FAURÉ; SCHOENBERG Pelléas et Mélisande
View record and artist detailsRecord and Artist Details
Genre:
Orchestral
Label: Alpha
Magazine Review Date: 08/2024
Media Format: CD or Download
Media Runtime: 59
Mastering:
DDD
Catalogue Number: ALPHA1058
Tracks:
Composition | Artist Credit |
---|---|
Pelléas et Mélisande |
Gabriel Fauré, Composer
Frankfurt Radio Symphony Orchestra Paavo Järvi, Conductor |
Pelleas und Melisande |
Arnold Schoenberg, Composer
Frankfurt Radio Symphony Orchestra Paavo Järvi, Conductor |
Author: Edward Seckerson
Smart coupling. Two more contrasting takes on Maeterlinck’s symbolist drama would be hard to imagine: the Schoenberg heated and densely woven, the Fauré cool and gently poetic.
Paavo Järvi and the Frankfurt Radio Symphony Orchestra relish the post-Wagnerian hothouse of the Schoenberg: the emotive surge of the ubiquitous principal motif, the soaring love theme, the thunderous explosions of Golaud’s ever-mounting jealousy. Järvi has a great sense of the inexorability of the storytelling. This is opera without voices. He and his orchestra paint some really crepuscular colours culminating in Golaud leading Pelléas through a series of ever-darker caverns with muted trombone glissandos grimly suggestive of weeping walls and the inevitability of no return. The love scene seeks to trump Wagner on the rapture stakes – that theme might have been written by him. Excitingly overripe in every respect.
Fauré’s music – worlds apart stylistically – was incidental to an actual staging of the play in London and as such is less impressionistic in nature and temperament. The Suite offers four of some 20 numbers, and the Prelude to Act 1 and the final transfiguration of Mélisande’s death typify how Fauré’s quiet emotionalism can sometimes pack more of a punch than Schoenberg’s hectoring.

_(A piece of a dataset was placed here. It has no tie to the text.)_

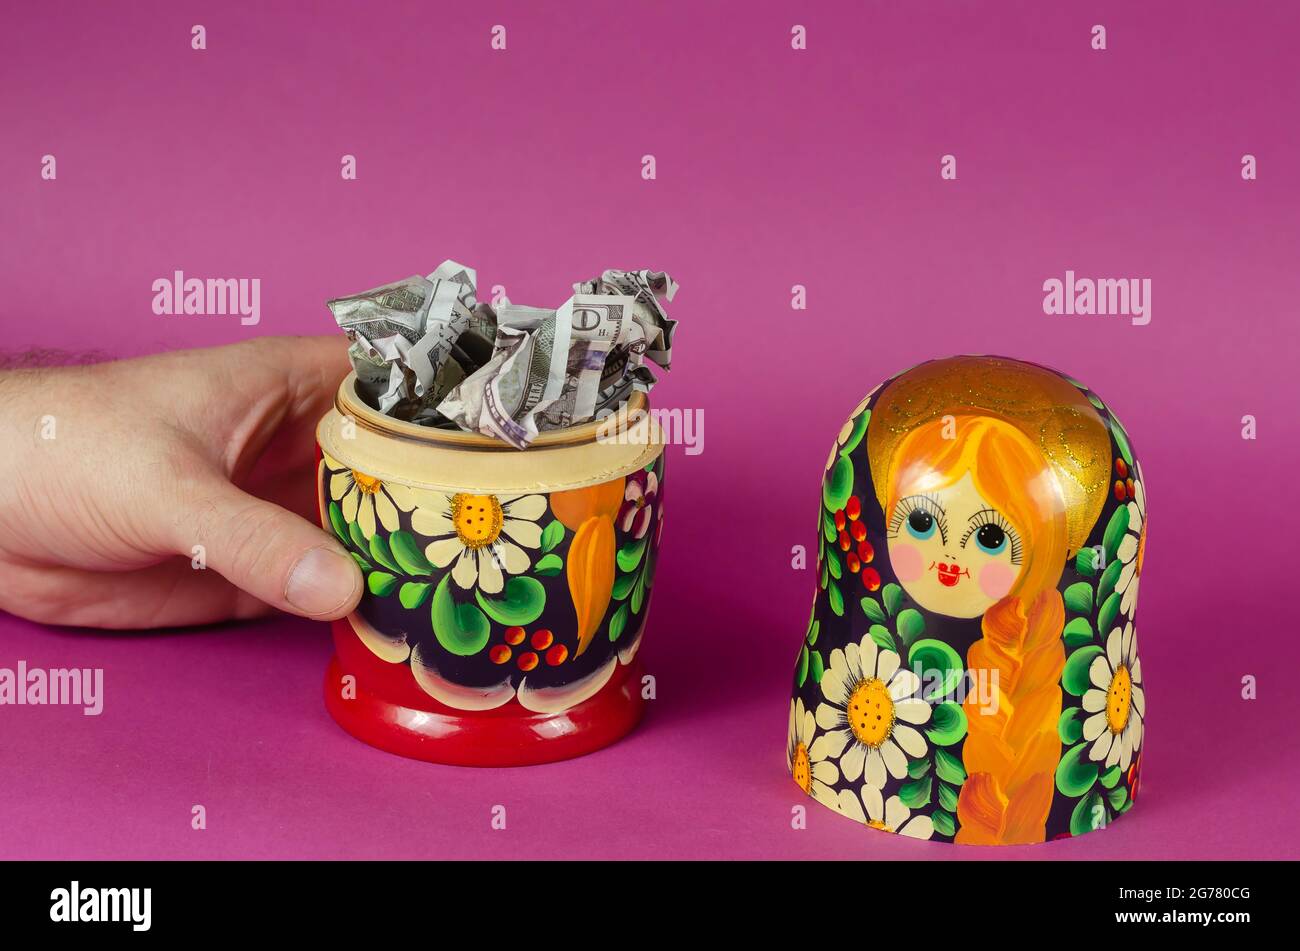 Hand holds Russian matryoshka full of money. Crumpled hundred dollar bills fall out of open wooden toy. Symbol of Russia and American money on pink ba Stock Photo

Mélisande’s graceful oboe-led Spinning Song and the familiar Sicilienne (subtly enshrining Pelléas and Mélisande’s contentment) are possessed of an affecting tenderness that one would like to have heard in context.
Again all credit to Järvi’s Frankfurt orchestra for their total immersion into two such stylistically different sound worlds – a reminder, if such were needed, of music’s ability to move us in mysterious ways with the same story from different storytellers.